'Times' staffers gather for bullpen memorial for Anthony Shadid; his final piece published today
The web is bursting with encomiums today for New York Times reporter and Beirut bureau chief Anthony Shadid, who died at the age of 43 on Thursday of an apparent asthma attack while on assignment in Syria.
Some of Shadid's friends and colleagues, meanwhile, have started coming together in person to remember the Pulitzer Prize-winning journalist, a fearless foreign correspondent whose willingness to risk life and limb reporting from the darkest corners of the Middle East was amplified by the deftly crafted prose he so often contributed to the Times' front page.
Times staffers gathered in the third-floor atrium at 12:30 this afternoon for a brief tribute.
For many, it must have seemed a heartbreaking moment of déjà vu: 11 months earlier, they'd assembled in the same spot under much happier circumstances to celebrate the homecoming of Shadid and three other Times journalists who'd just returned from a week in captivity in Libya, where they came close to death while chronicling the uprising against Muammar Khadafy.
Today's gathering, which lasted about 15 minutes, was a somber affair, and one that was well attended, according to people who were present.
Executive editor Jill Abramson sat beside foreign editor Joe Kahn and former foreign editor Susan Chira, surrounded by members of the newsroom, who snaked around cubicles and the railings of the floor above.
Abramson read two paragraphs of a remembrance written by her predecessor, Bill Keller, who could not be there.

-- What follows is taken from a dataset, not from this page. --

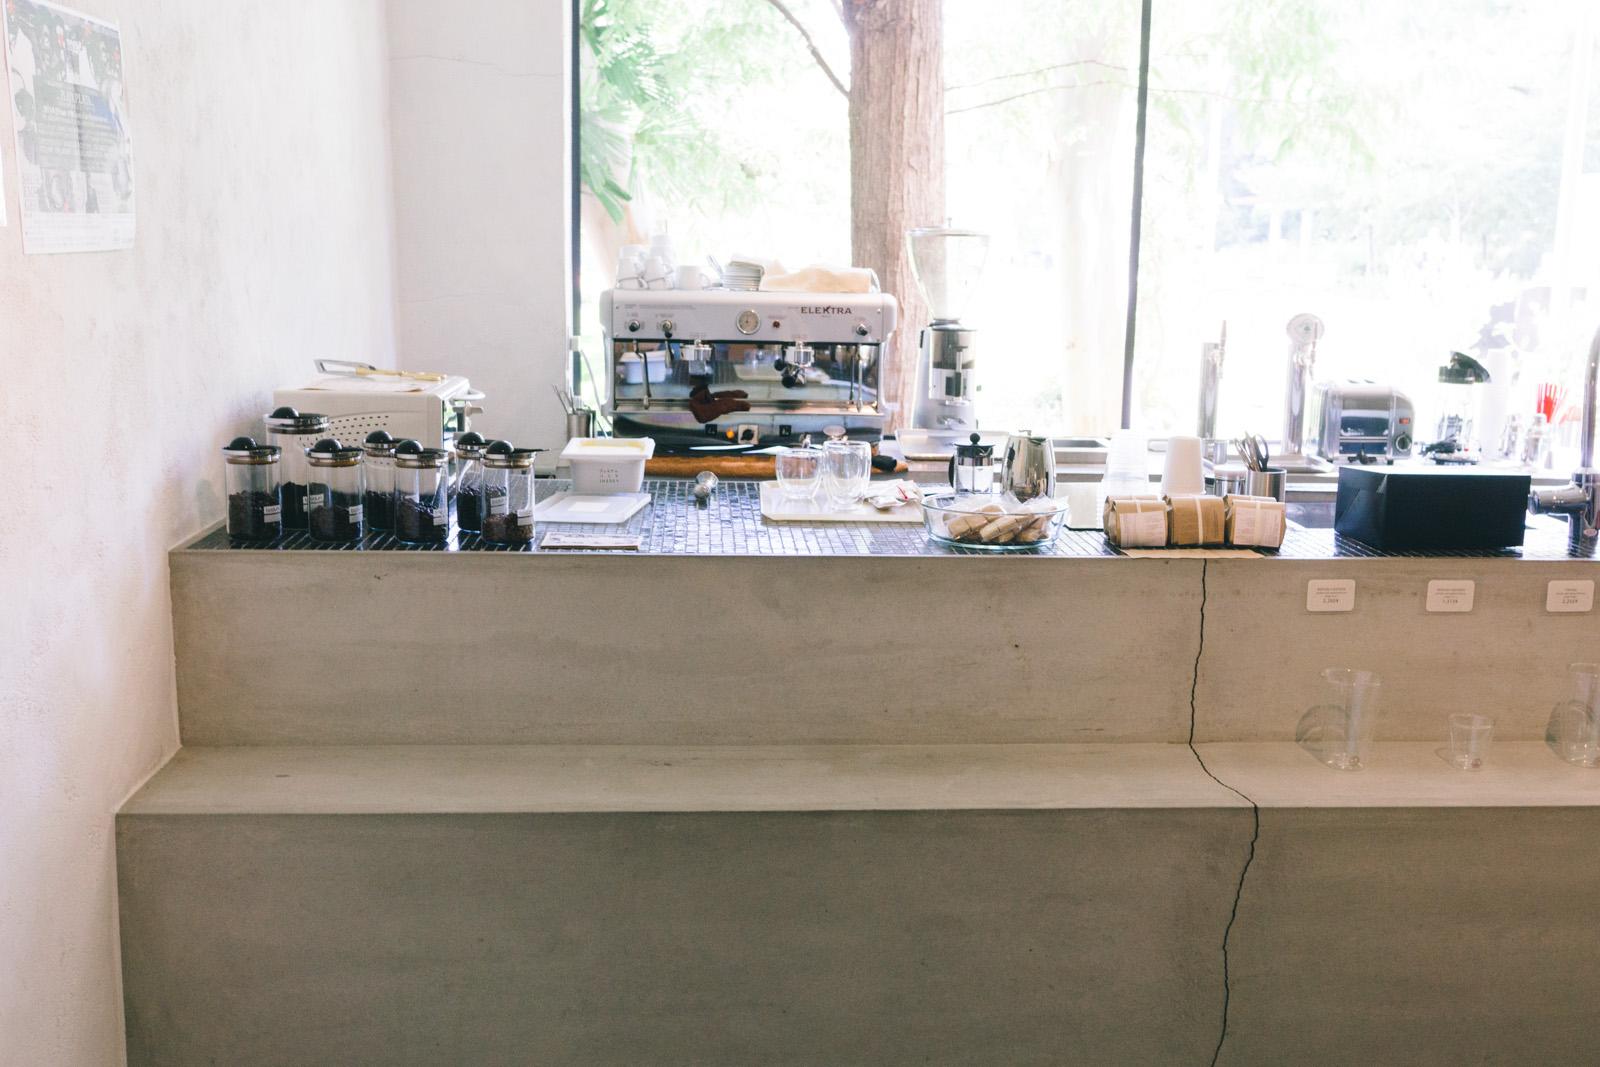 that-food-cray-osaka-japan-vade-vecvm-cafe-coffee-shop-5

The entire piece will be posted online.
Chira talked about how she and Keller had courted Shadid to join the paper from The Washington Post back in 2009, a move that was considered a huge coup for the Times. She also read some email exchanges she'd had with him, as did Kahn, who recited some thoughts from Shadid about the assignment that had taken him into Syria, where he squeezed through a barbed-wire fence to enter the war-torn country.

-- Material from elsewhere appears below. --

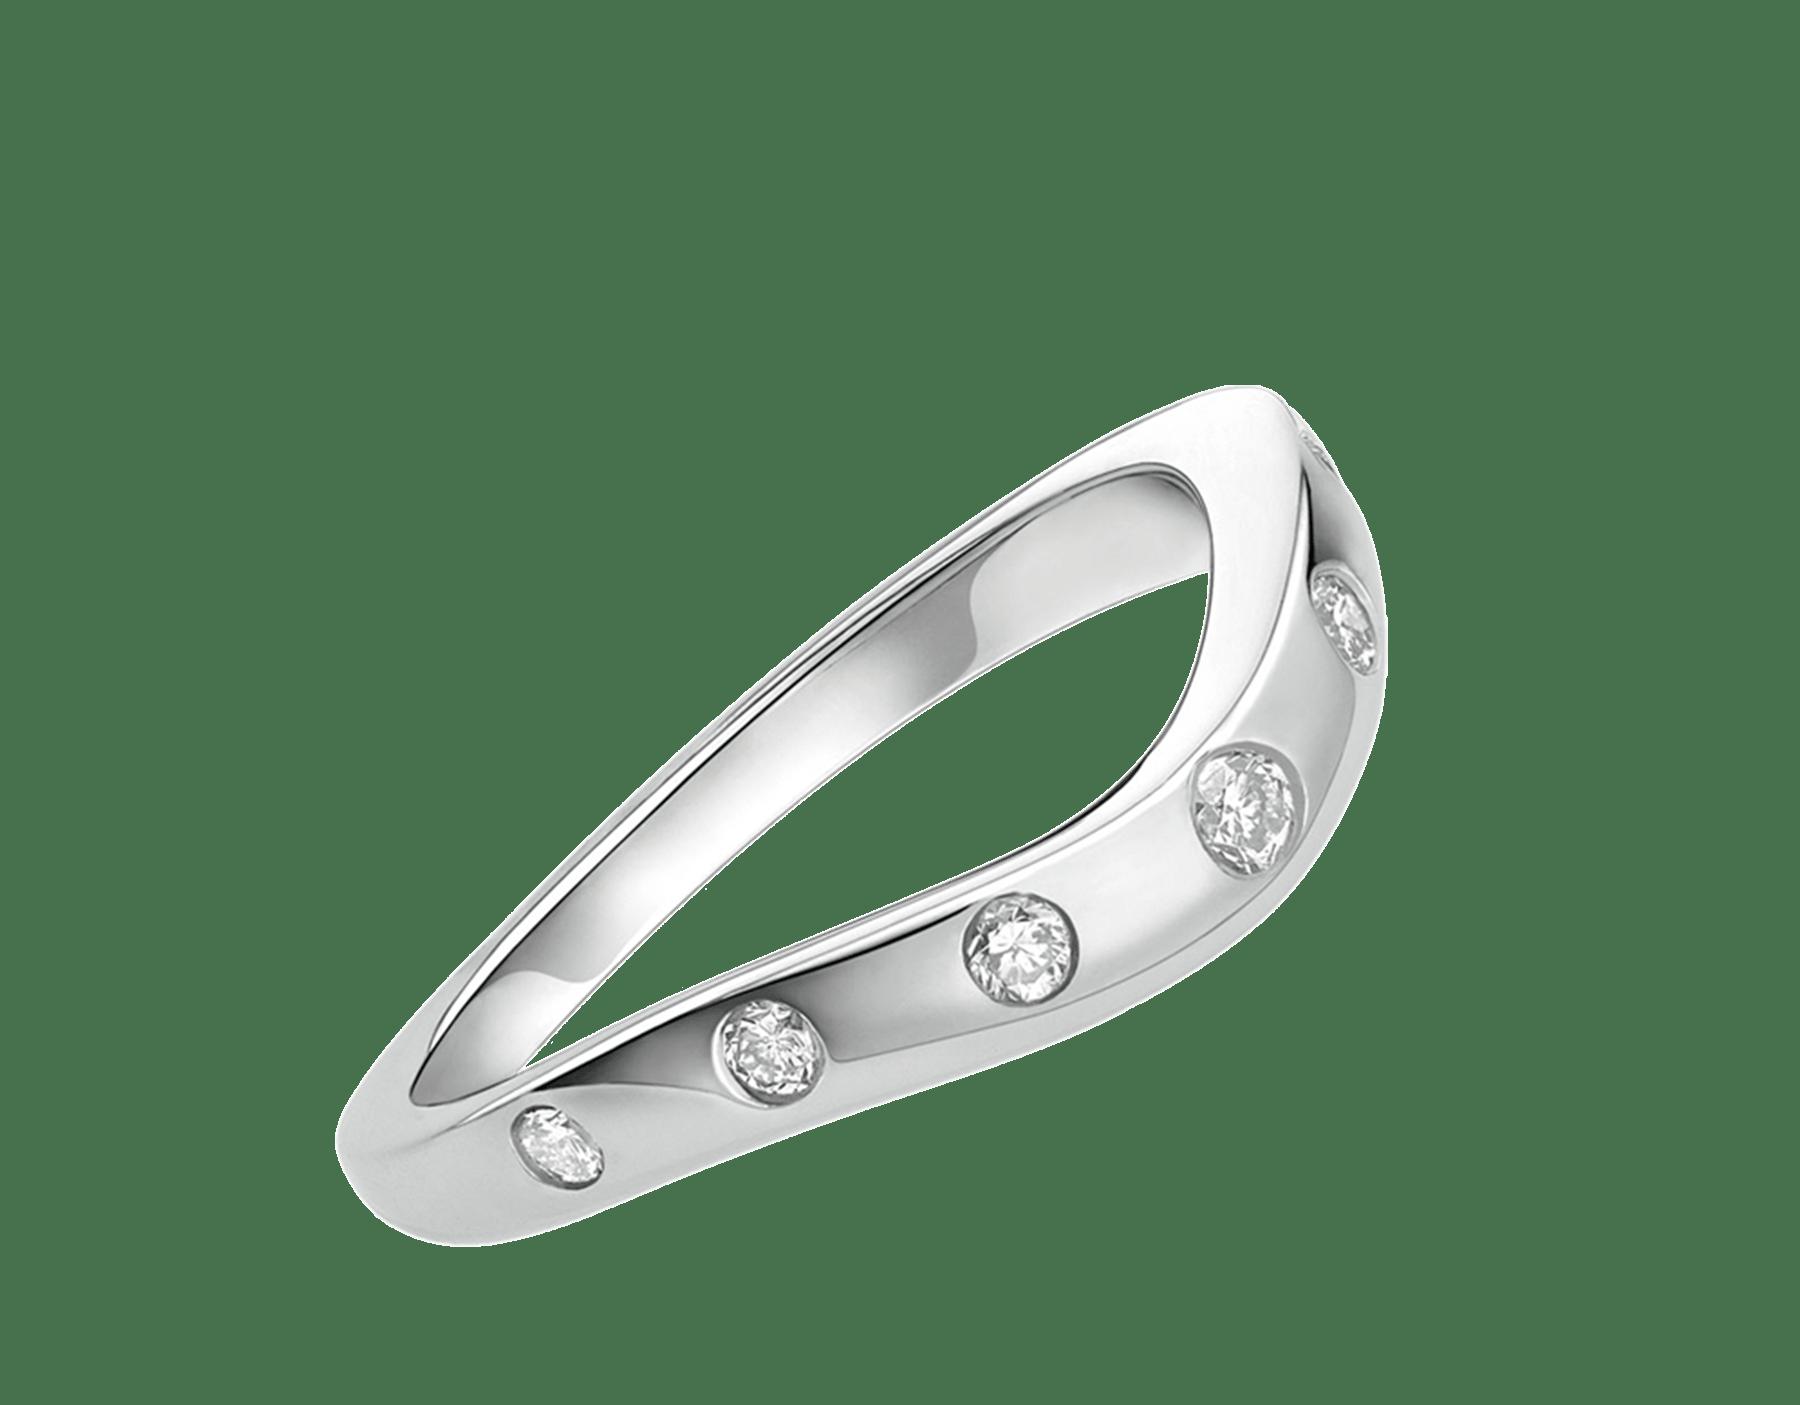 Corona platinum wedding ring with 7 diamonds with matching Corona 0.40 - 1.50 ct engagement rings AN856078 image 1

"It's just nuts," Shadid wrote to Kahn. "I feel like no one there is telling the truth now. We have to get the details."
After each of the editors had spoken, the silence was pierced by a single person who began to applaud. The rest of the audience, including Abramson, Chira and Kahn, followed suit. Many were crying.
"It was very moving," said someone who was there.
Abramson and Kahn left this afternoon for Beirut, Capital has learned, where Shadid, an American of Lebanese descent, lived with his wife and two children, and where arrangements are expected to be made.
Shadid will have one last byline in the Times, possibly as early as this weekend, according to people familiar with the paper's plans. His most recent article before that, a piece out of Tripoli, was in the Feb. 9 edition.
UPDATE: The story, "In Government, Tunisia’s Islamists Put to the Test," is now online. It will be on A1 in the Saturday edition.
Another tribute to Shadid is planned for 6 p.m. this evening in the World Room of Columbia's Graduate School of Journalism, where the Pulitzers Shadid won in 2004 and 2010 were announced.
"We will show some of his work and friends and others will speak about him," said Sree Sreenivasan, the journalism school's dean of student affairs. (The individual speakers had not yet been confirmed, he said.)
Someone who was close to Shadid said friends of the late reporter had come together today in cities including Beirut, Kabul and Baghdad.
Shadid himself had been scheduled to appear at the Barnes & Noble on the Upper West Side on March 27, the day his new memoir was to be released, kicking off a nationwide book tour. The Times reported that Shadid's publisher, Houghton Mifflin Harcourt, has moved the book's publication date up to Feb. 28., and "said it was hoping to recruit friends and colleagues of Mr. Shadid’s to take his place for scheduled media appearances." An events manager for the Upper West Side store could not comment on whether the March 27 event would proceed that way.
Beyond that, a Times spokesperson said no other official memorial events had been planned. But more are expected.
"Certainly there will be time for other events in the weeks ahead to mourn his passing and celebrate his life," said Abramson in a note to staff earlier today.